Chronic low back pain (CLBP) is a major health challenge in Canada, leading to substantial disability and socioeconomic burden, particularly among Veterans. In military Veterans, LBP is the most common chronic pain condition. Conventional interventions have limited effectiveness. The refractoriness to interventions suggests that specific CLBP mechanisms may be missed by current treatments, prompting a shift towards psychologically informed approaches which aim to address emotional and cognitive factors alongside biomedical aspects. The integration of these concepts into physiotherapy is called psychologically informed physiotherapy (PiP). Despite promising results of PiP from randomized controlled trials, residual pain and disability often persist in Veterans. Non-invasive brain stimulation, such as repetitive transcranial magnetic stimulation (rTMS), may enhance the effectiveness of PiP by modulating cognition, emotion, and pain. This proposal seeks to determine whether non-invasive brain stimulation can enhance the effects of PiP.

Detailed Description

The study will compare the effects of (1) combining rTMS with PiP, (2) PiP alone (+sham rTMS), and (3) usual physiotherapy (UP) on physical functioning in Veterans suffering from CLBP and comorbid psychological factors associated with back pain. Participants will undergo an 8-week intervention program. Validated questionnaires will be used to measure outcomes at baseline, 2-, 8-, and 26-week follow-ups. The main objective is to determine if the combination of PiP and rTMS is superior to PiP and UP alone to improve physical functioning in Veterans suffering from CLBP and comorbid psychological factors.

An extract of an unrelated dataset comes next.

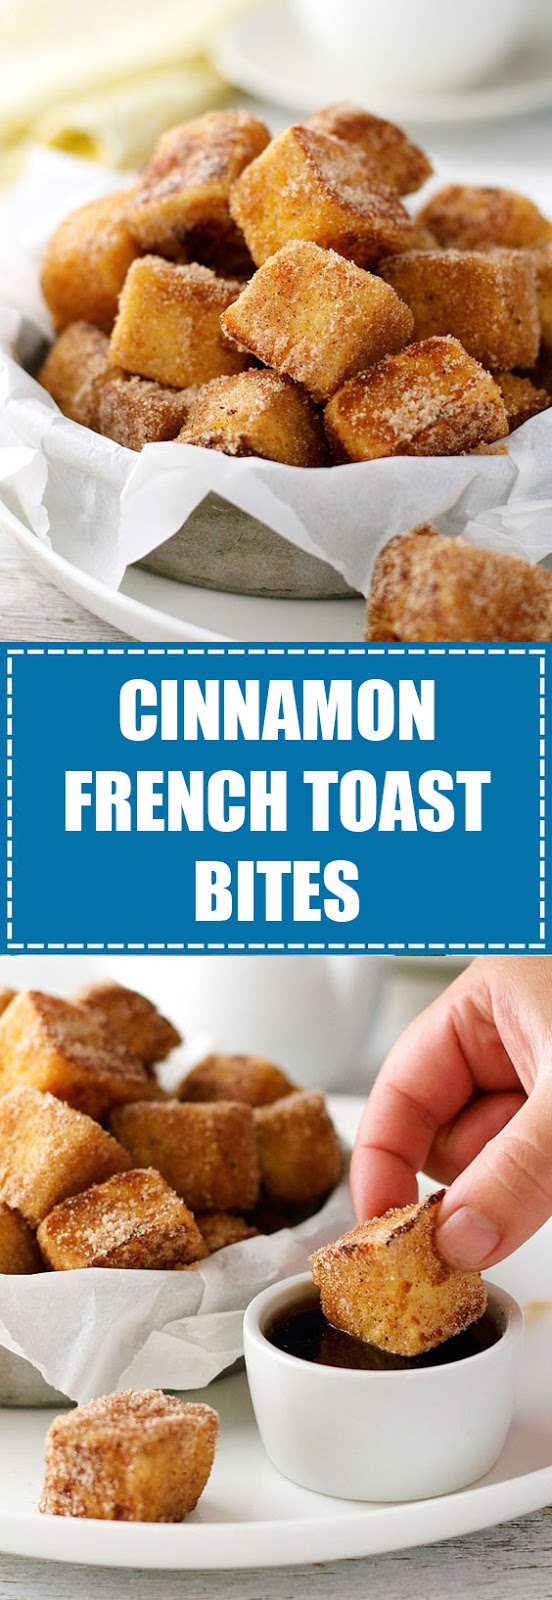 Cinnamon French Toast Bites

The secondary objectives are to compare the effectiveness of these interventions on secondary outcomes, that are, pain intensity, quality of life, movement pain-related fear, pain catastrophizing, self-efficacy, depression symptoms, medication use and post-traumatic stress disorder symptoms.

Study Timeline

• Study First Submitted: 2025-05-22
• Study First Submitted QC: 2025-05-22
• Study First Posted: 2025-05-31
• Status Verified: 2025-06
• Last Update Submitted: 2025-06-13
• Study Start: 2025-06-16
• Last Update Posted: 2025-06-18
• Primary Completion: 2026-11-01
• Study Completion: 2027-06-01

Recruitment & Eligibility

• Status: NOT_YET_RECRUITING
• Sex: All
• Target Recruitment: 96

Inclusion Criteria

• Adults between 18 and 65 years old
• Military Veterans with non-specific chronic low back pain (> 3 months, > 50% of the days in the last 6 months)
• High level of psychosocial factors, scoring ≥4 on the Start Back Screening Tool psychosocial subscale
• Functional limitations, scoring ≥ 15% on the Oswestry Disability Index (ODI)

Exclusion Criteria

• Non-musculoskeletal conditions causing low back pain (e.g., neoplasia, fracture)
• Diagnosis of drug or alcohol abuse
• Change of drug dosage in the last month for the treatment of pain or mental health
• Presenting with any specific rTMS-related exclusion criteria such as previous seizure/convulsion, cochlear implant, and pregnancy

Study & Design

• Study Type: INTERVENTIONAL
• Study Design: PARALLEL

Primary Outcome Measures

Name	Time	Method
Physical functioning (ODI)	Baseline, weeks 2, 8 and 26.	The Oswestry Disability Index (ODI) is a self-completed questionnaire on estimated disability including 10 questions rated on a 6-item scale, from 0 (no disability) to 5 points (maximal disability). The total score ranges from 0 (no disability) to 100% (maximal disability).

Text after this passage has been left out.